● **COLLECTED DATA**:
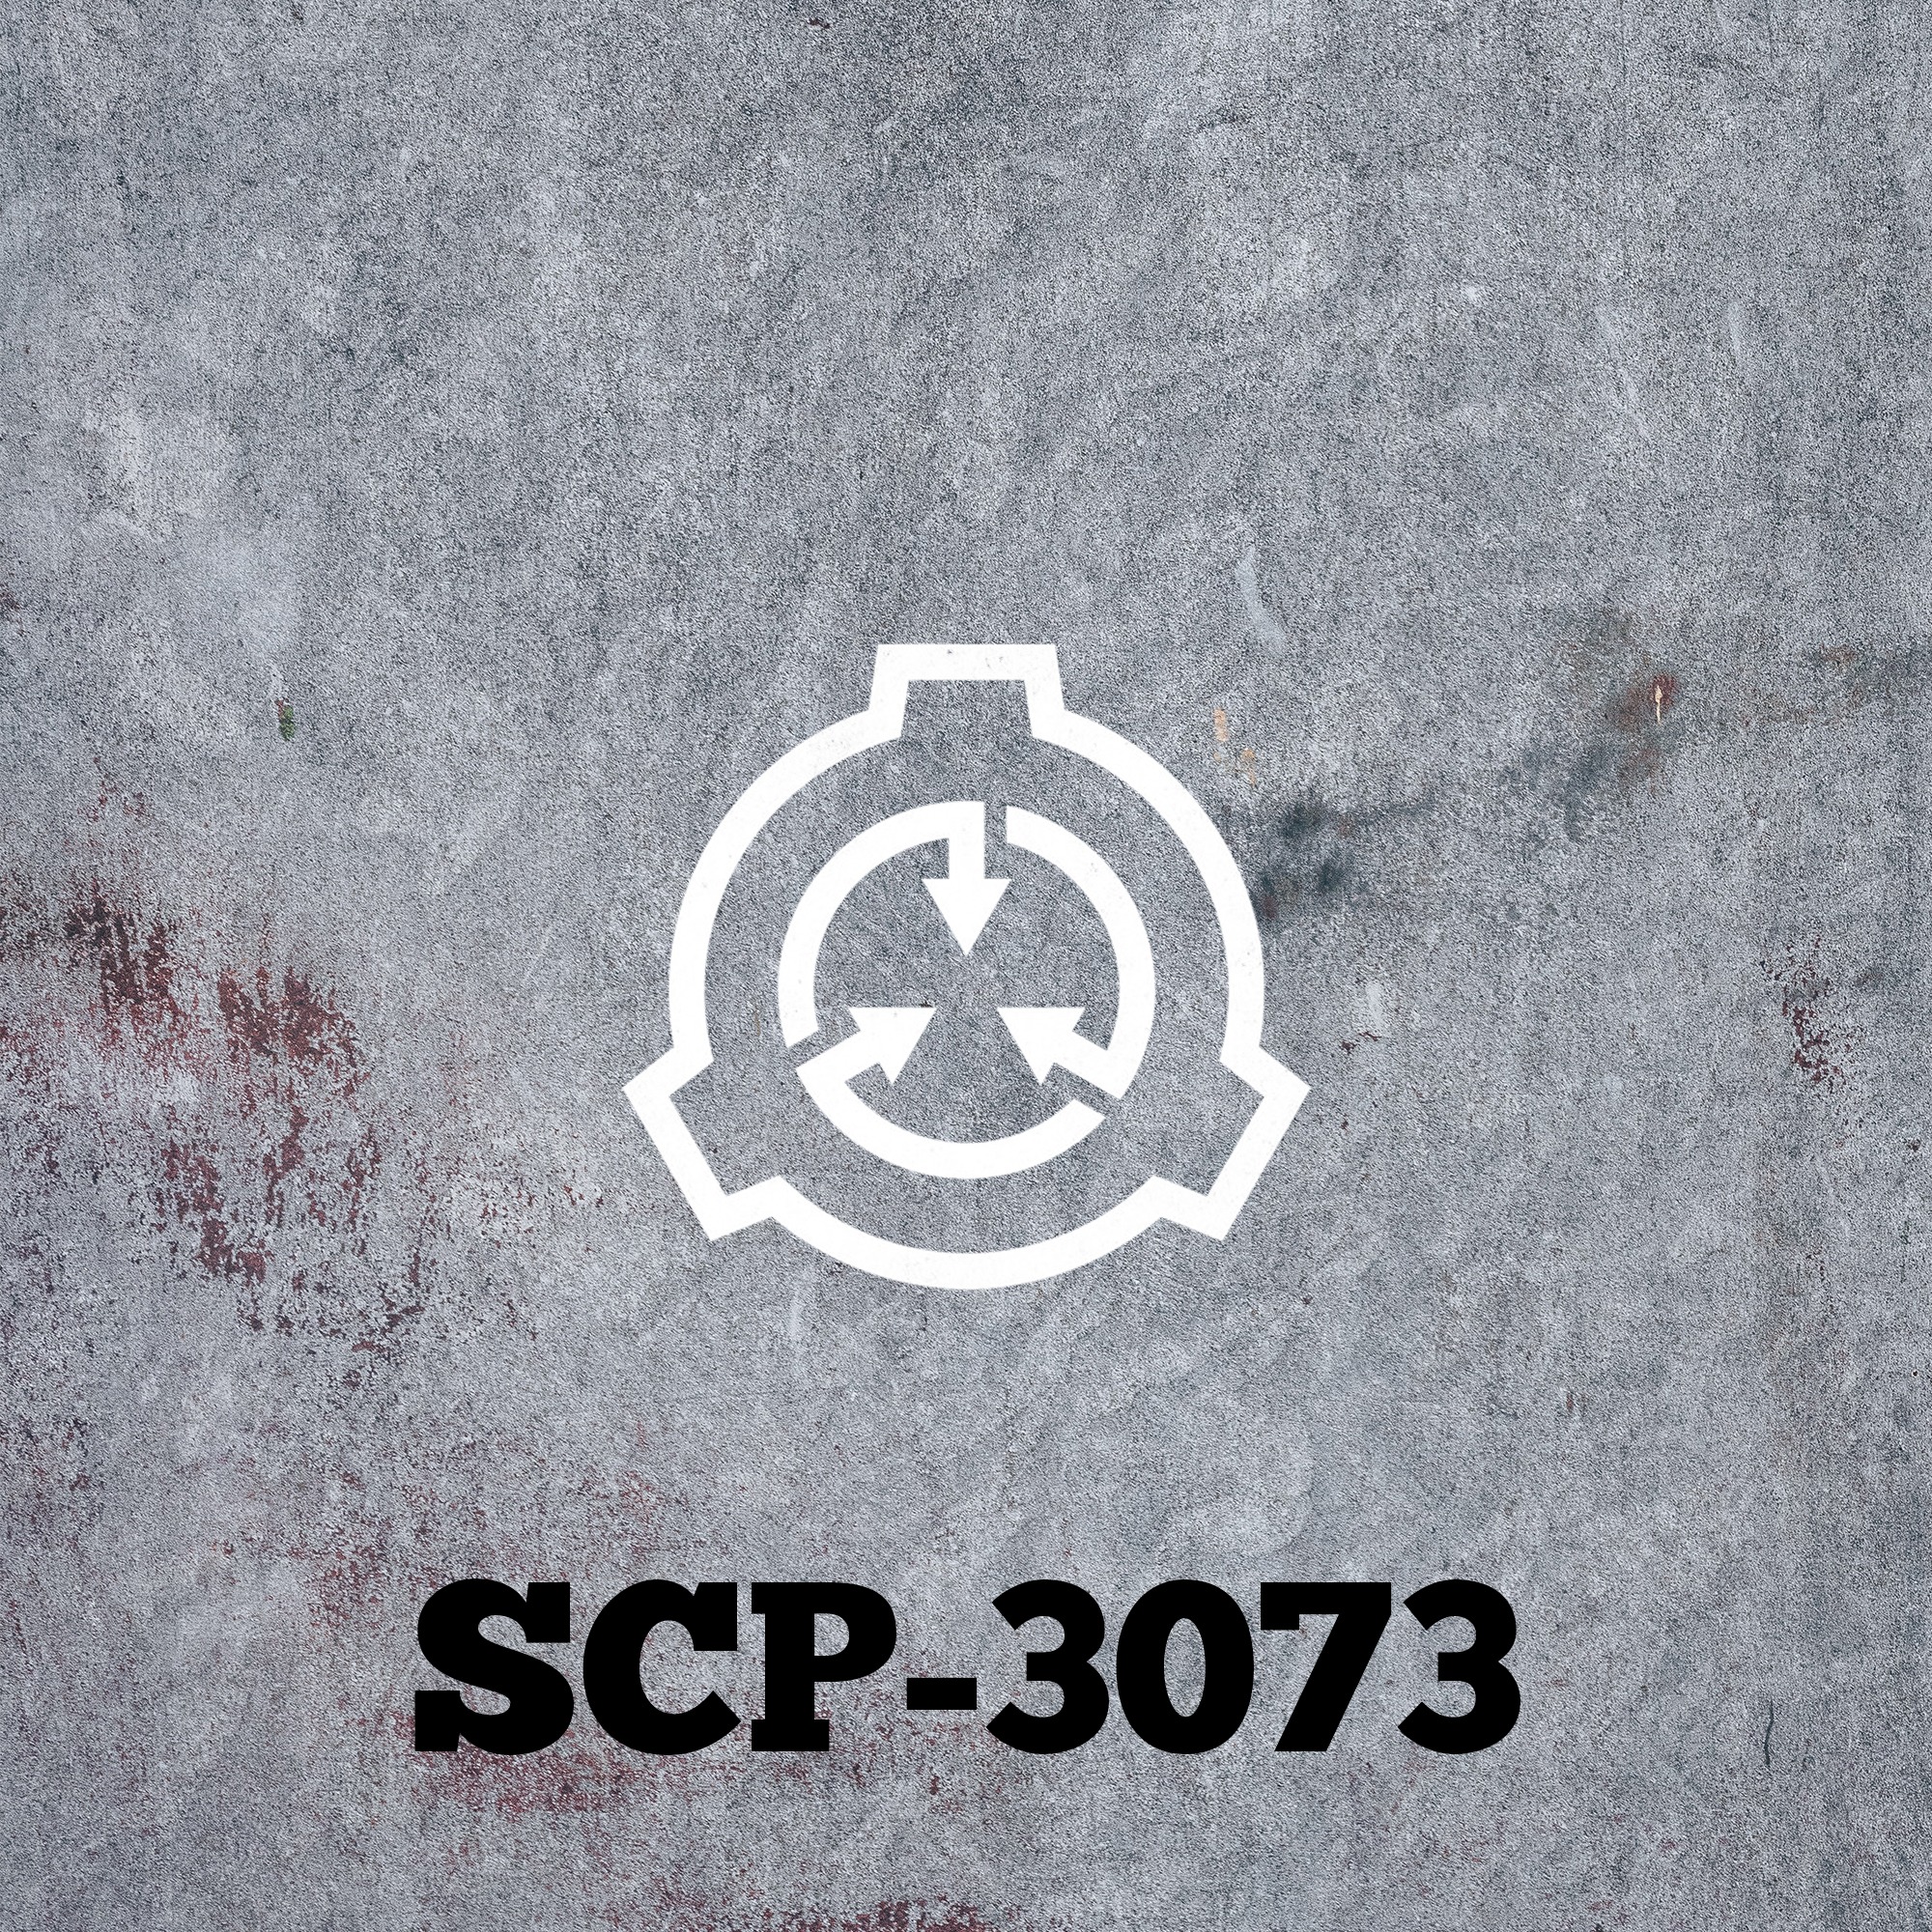 SCP-3073: All the Men And Women Merely Players
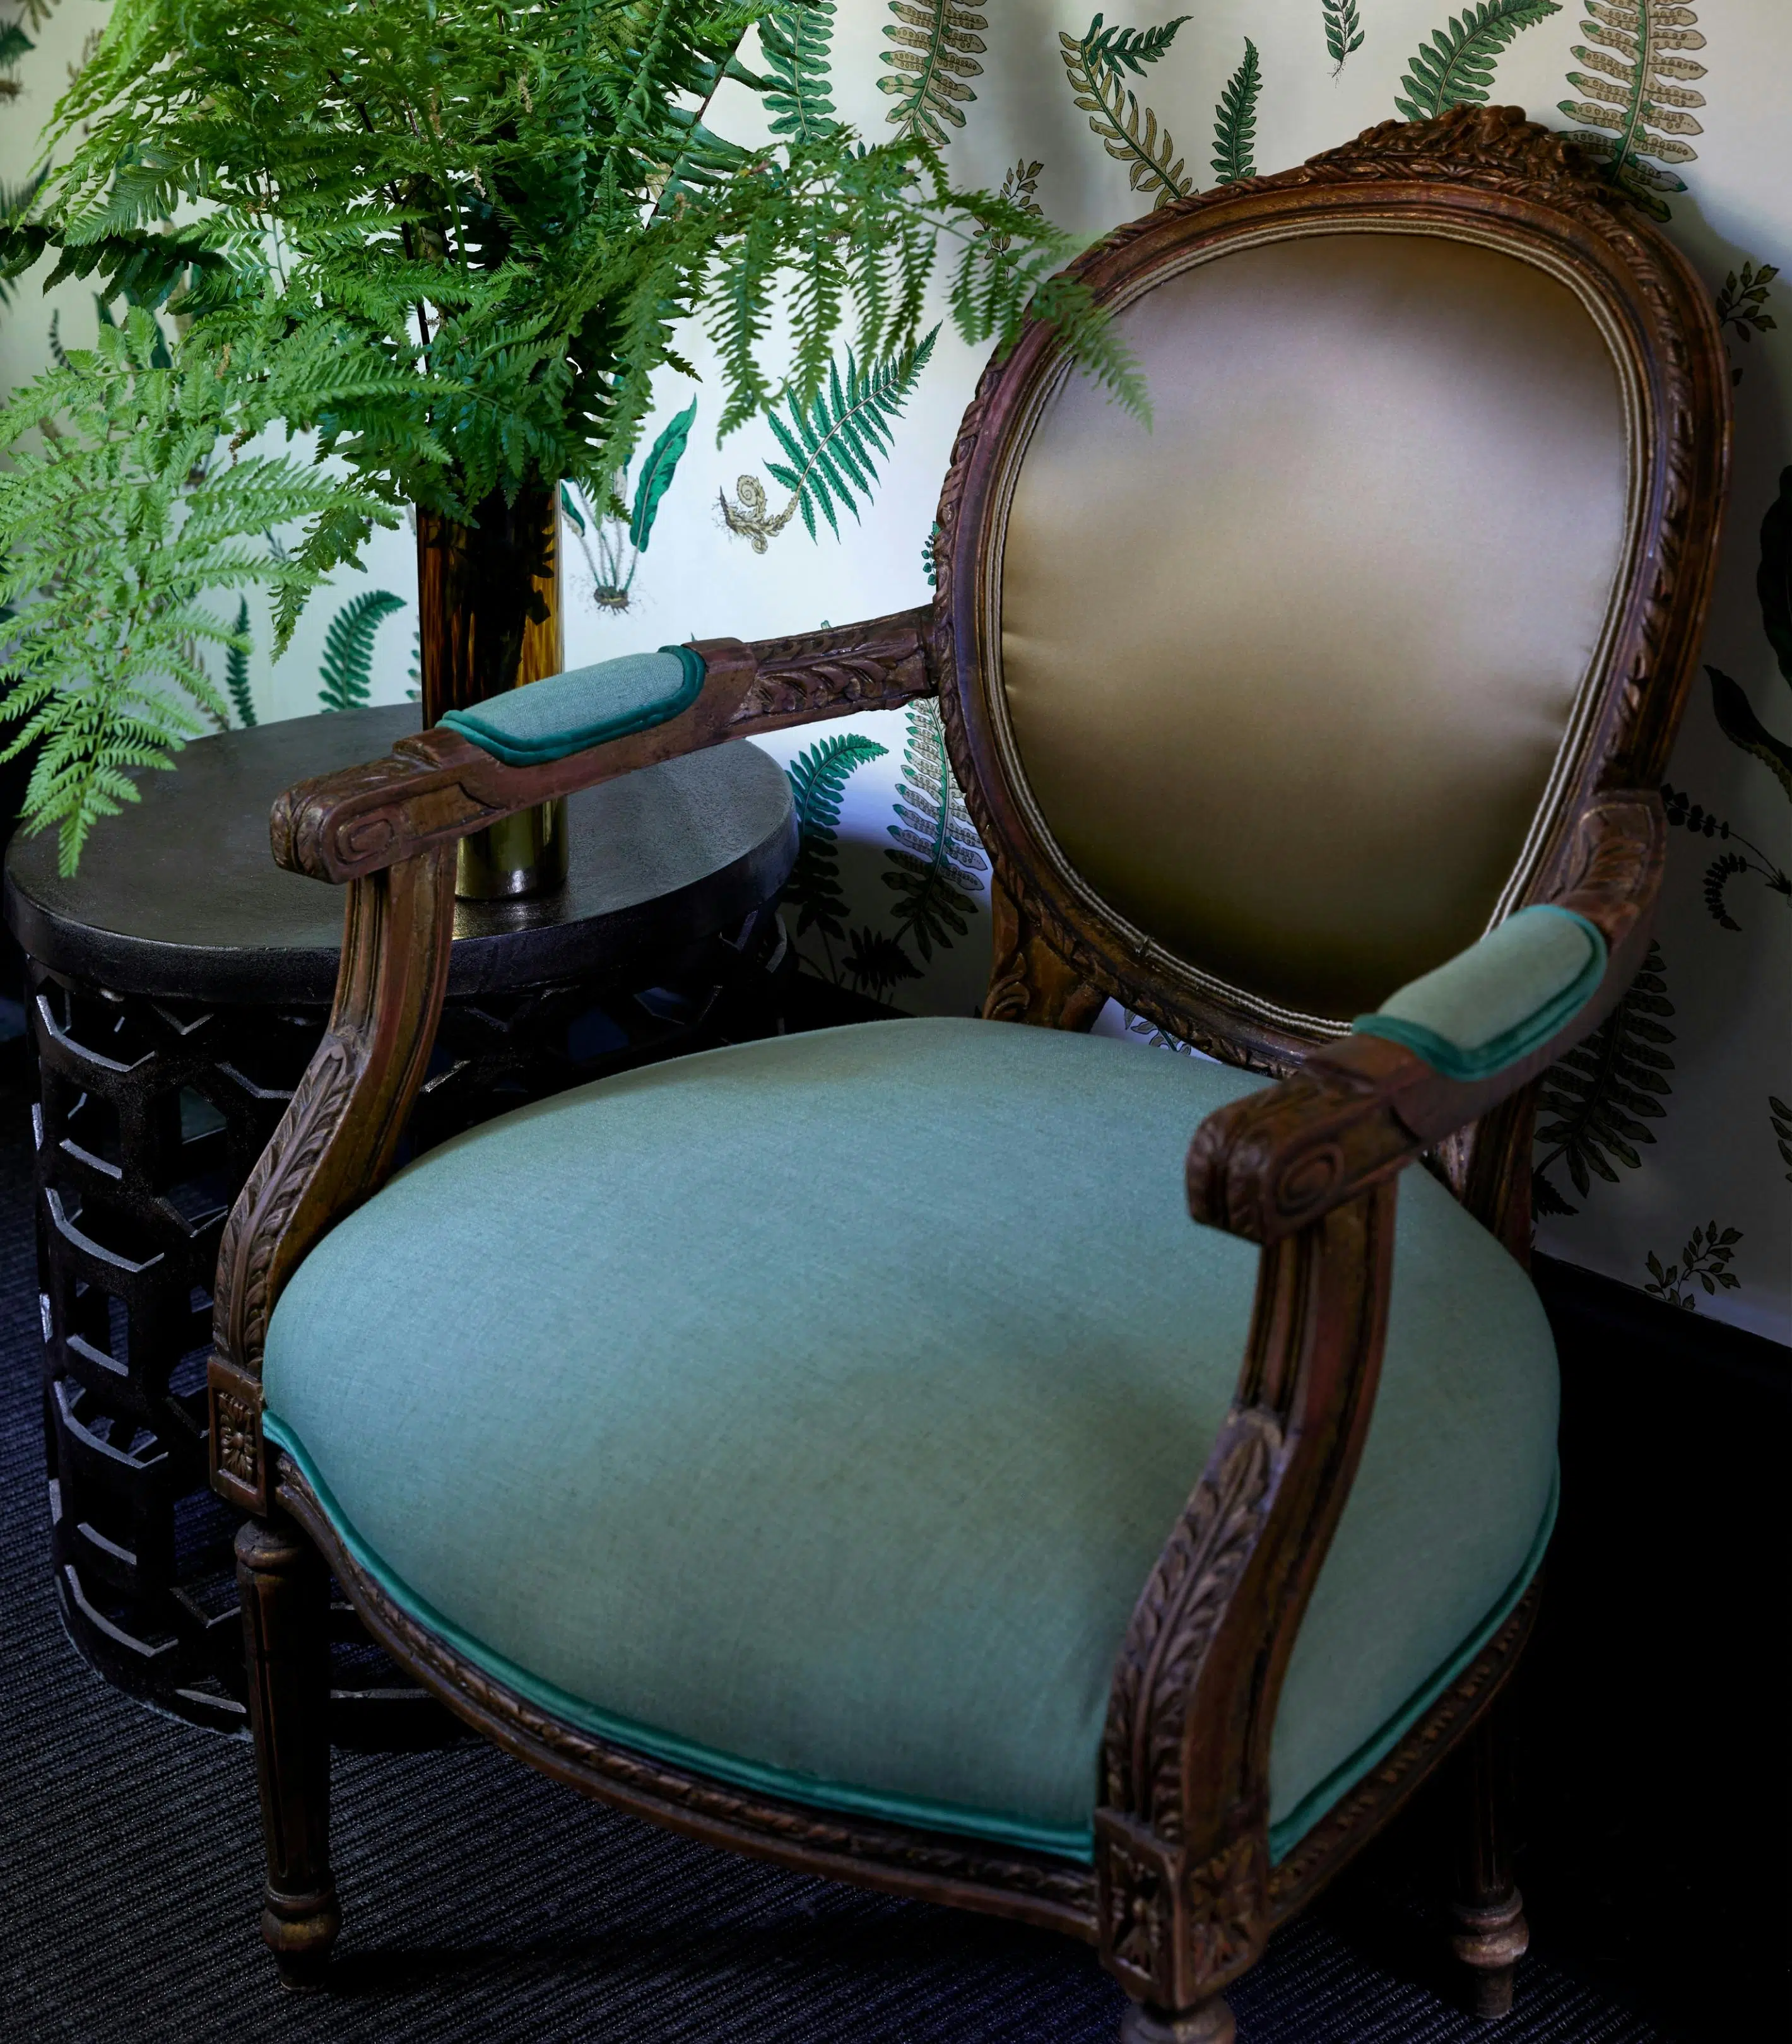 A Louis XV-style chair with a dark wooden frame has its back upholstered in a glossy, brown fabric while its seat and arm rests are upholstered in a colour close to duck egg blue. Wallpaper behind it is illustrated with ferns, and a vase of ferns sits beside it on a side table
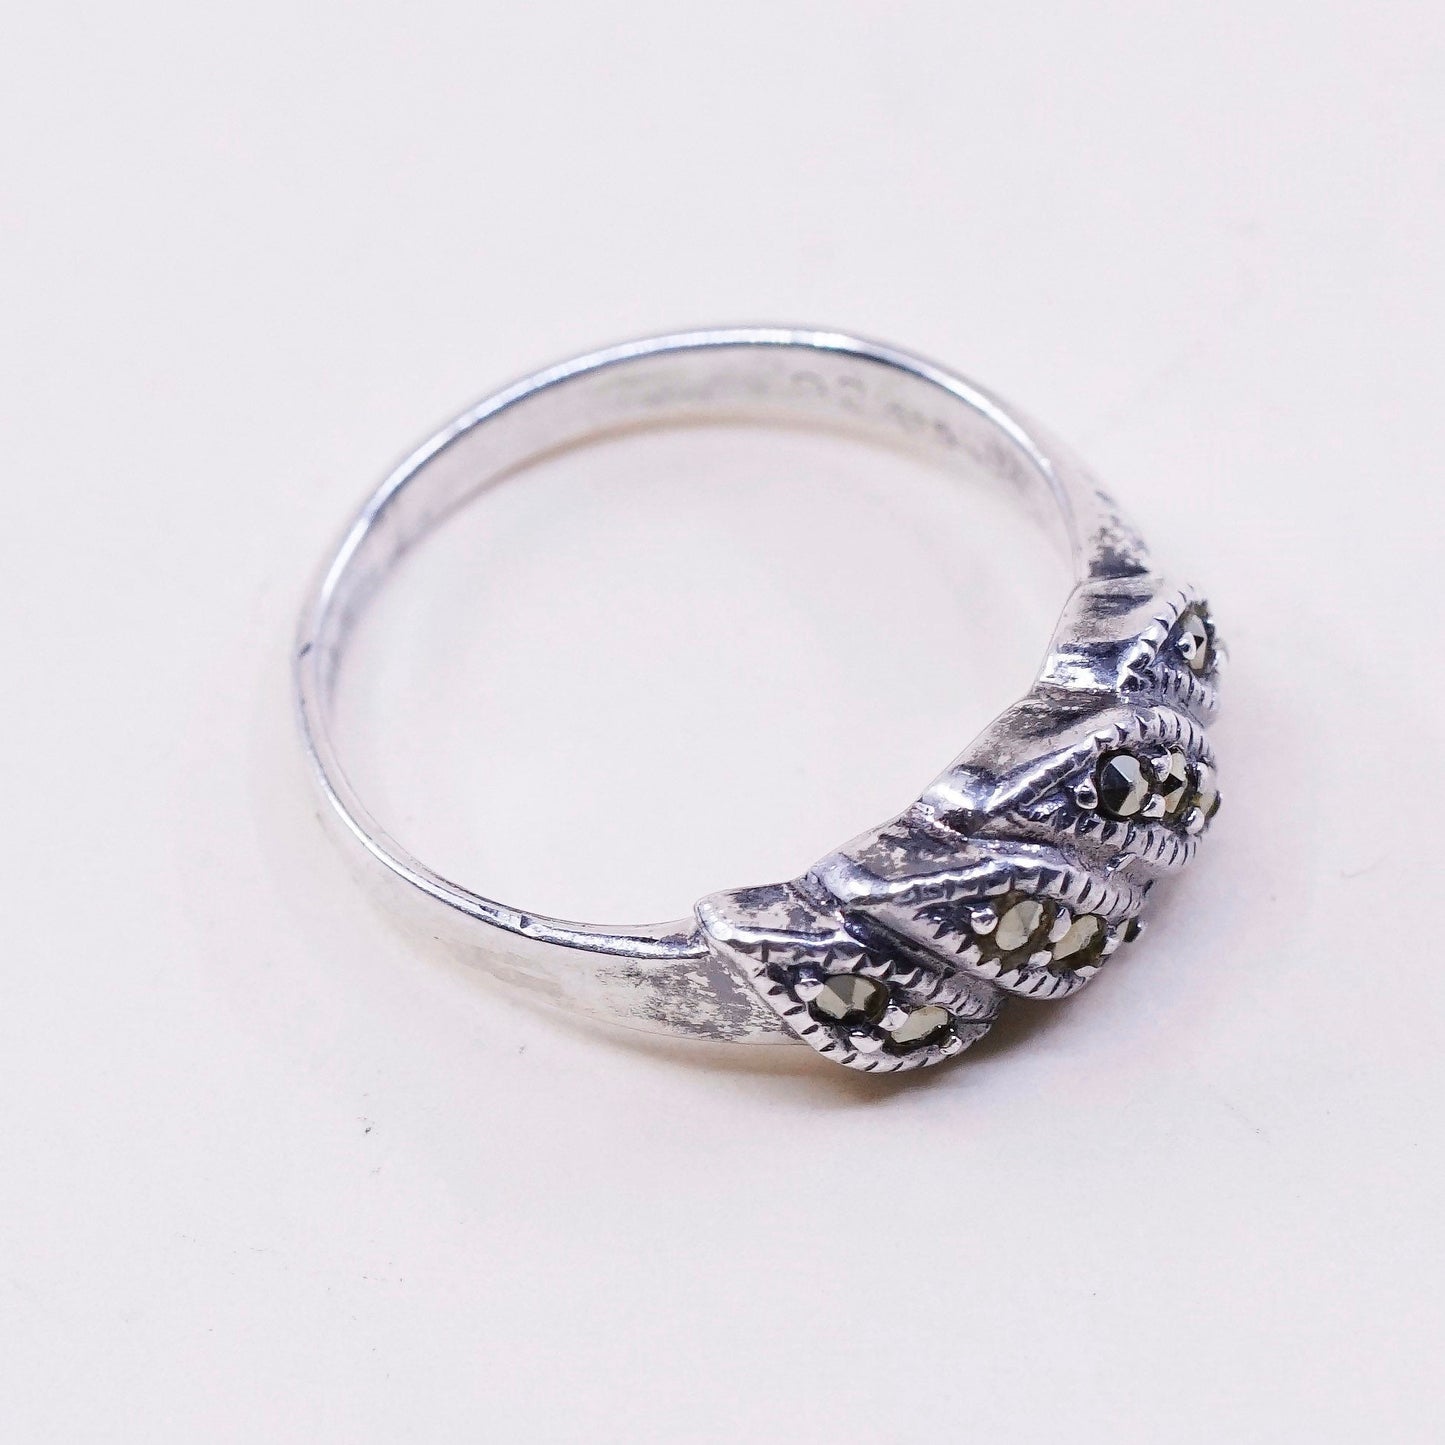 Size 6, Vintage LR Sterling 925 silver handmade ring with marcasite

● **REQUIREMENT**:
Everything in the listing except the pictures must be reproduced exactly.

● **OUTPUT BELOW**:
 SCP-3073: All the Men And Women Merely Players
 A Louis XV-style chair with a dark wooden frame has its back upholstered in a glossy, brown fabric while its seat and arm rests are upholstered in a colour close to duck egg blue. Wallpaper behind it is illustrated with ferns, and a vase of ferns sits beside it on a side table
 Size 6, Vintage LR Sterling 925 silver handmade ring with marcasite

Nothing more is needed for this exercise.